I didn't see where you had the "x1 == x2 && y1 == y2..." block that you
mentioned below. Did you decide against that one as well? I'm not sure
it will end up causing non-finite values in the computeIntersection
methods because computeOffset protects against divide by zero and
returns dummy values which may actually induce us to find finite
intersection points.
>> While you are fixing indents. Stroker.java line 252 got shifted by a
>> character from its former alignment. And somehow line 701 got shifted
>> by a character, but no change is showing up in the webrevs...?
>
> I think I fixed this too.
>
> FYI: I also inserted this check:&& !isNotFinite(lenSq)
> in drawMiter to guard against computeIntersection returning computing
> NaN values.
Now that you have a case where you are testing "!isNot", it points out
that maybe the method should be renamed "isFinite" and have its return
value inverted so that we don't get a bunch of double negatives in the
code (my head is reeling a little from reviewing that line ;-). (OK, so
I'm about to point out that this new addition isn't needed anyway, but
in case we find a need to apply ! to the isNot method in the future, it
will look annoying when that happens.)
About that particular line, though, if the lenSq is not finite then it
is either infinity (which would fail the < test) or it is NaN (which
would fail any test), so I'm not sure that the test adds anything. In
other words, it can only return true for "< miterLimit" if it is finite.

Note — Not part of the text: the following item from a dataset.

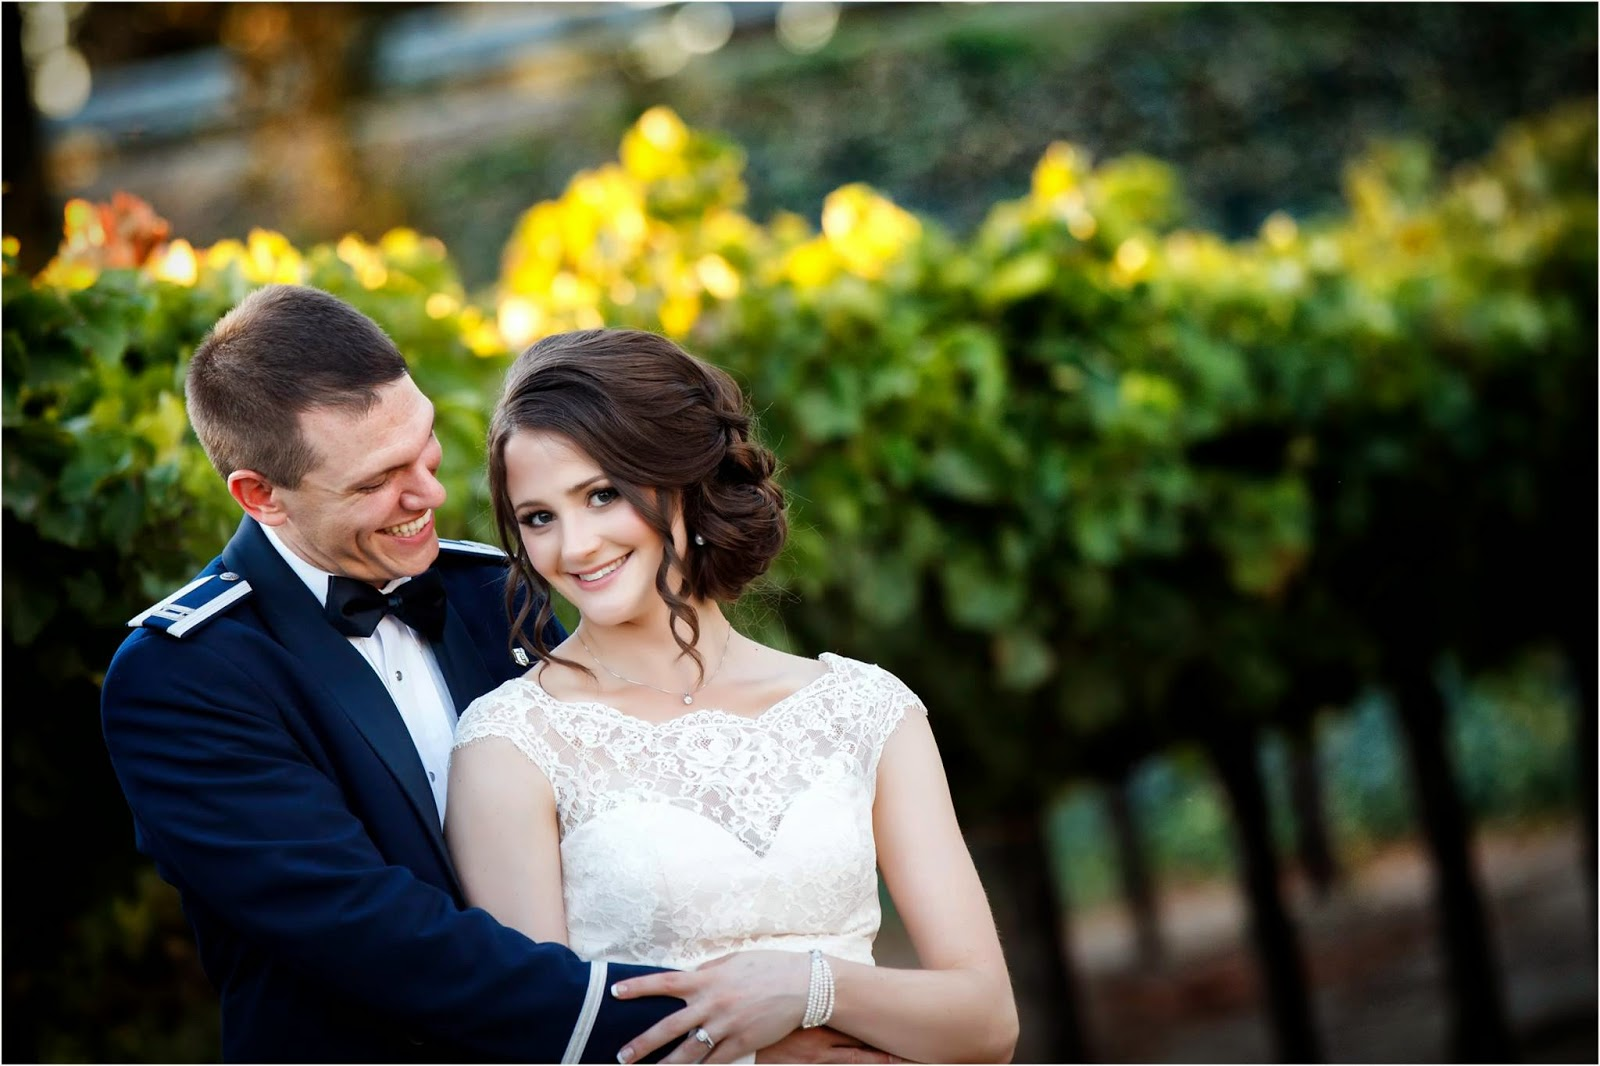 Bridal Makeup Wedding Scribner Bend Siegels Portraits Christi Reynolds Beauty

Am I figuring that correctly?
...jim
> Regards,
> Denis.
>
> ----- Original Message -----
>> Hi Denis,
>>
>>
>
>>
>>
>> Also, your suggestion below makes sense to me...
>>
>> ...jim
>>
>> On 4/19/11 11:11 AM, Denis Lila wrote:
>>>
>>> Jim, what do you think about completely removing this code:
>>>
>>> final boolean p1eqp2 = within(x1,y1,x2,y2, 6 * ulp(y2));
>>> final boolean p2eqp3 = within(x2,y2,x3,y3, 6 * ulp(y3));
>>> if (p1eqp2 || p2eqp3) {
>>> getLineOffsets(x1, y1, x3, y3, leftOff, rightOff);
>>> return 4;
>>> }
>>>
>>> // if p2-p1 and p3-p2 are parallel, that must mean this
>>> curve is a line
>>> float dotsq = (dx1 * dx3 + dy1 * dy3);
>>> dotsq = dotsq * dotsq;
>>> float l1sq = dx1 * dx1 + dy1 * dy1, l3sq = dx3 * dx3 + dy3
>>> * dy3;
>>> if (Helpers.within(dotsq, l1sq * l3sq, 4 * ulp(dotsq))) {
>>> getLineOffsets(x1, y1, x3, y3, leftOff, rightOff);
>>> return 4;
>>> }
>>>
>>> This sort of duplicates logic in the caller. I put it in anyway,
>>> because I was afraid that the subdivision would introduce degenerate
>>> curves, despite the checks in somethingTo passing. However, looking
>>> at it again, I don't really think it's necessary. The parallel check
>>> in particular was introduced because I was afraid that if a curve's
>>> control vectors are close to parallel, computeIntersection would
>>> return crazy, inaccurate values. But I tested that and it doesn't
>>> seem to happen. The isNotFinite checks should be enough to deal
>>> with quads that are actually lines.
>>>
>>> If we just replaced that whole chunk above with
>>> if ((x1 == x2&& y1 == y2) || (x2 == x3&& y2 == y3)) {
>>> getLineOffsets(x1, y1, x3, y3, leftOff, rightOff);
>>> return 4;
>>> }
>>>
>>> I think we could squeeze a fair bit of performance out of this.
>>>
>>> I've updated the webrev.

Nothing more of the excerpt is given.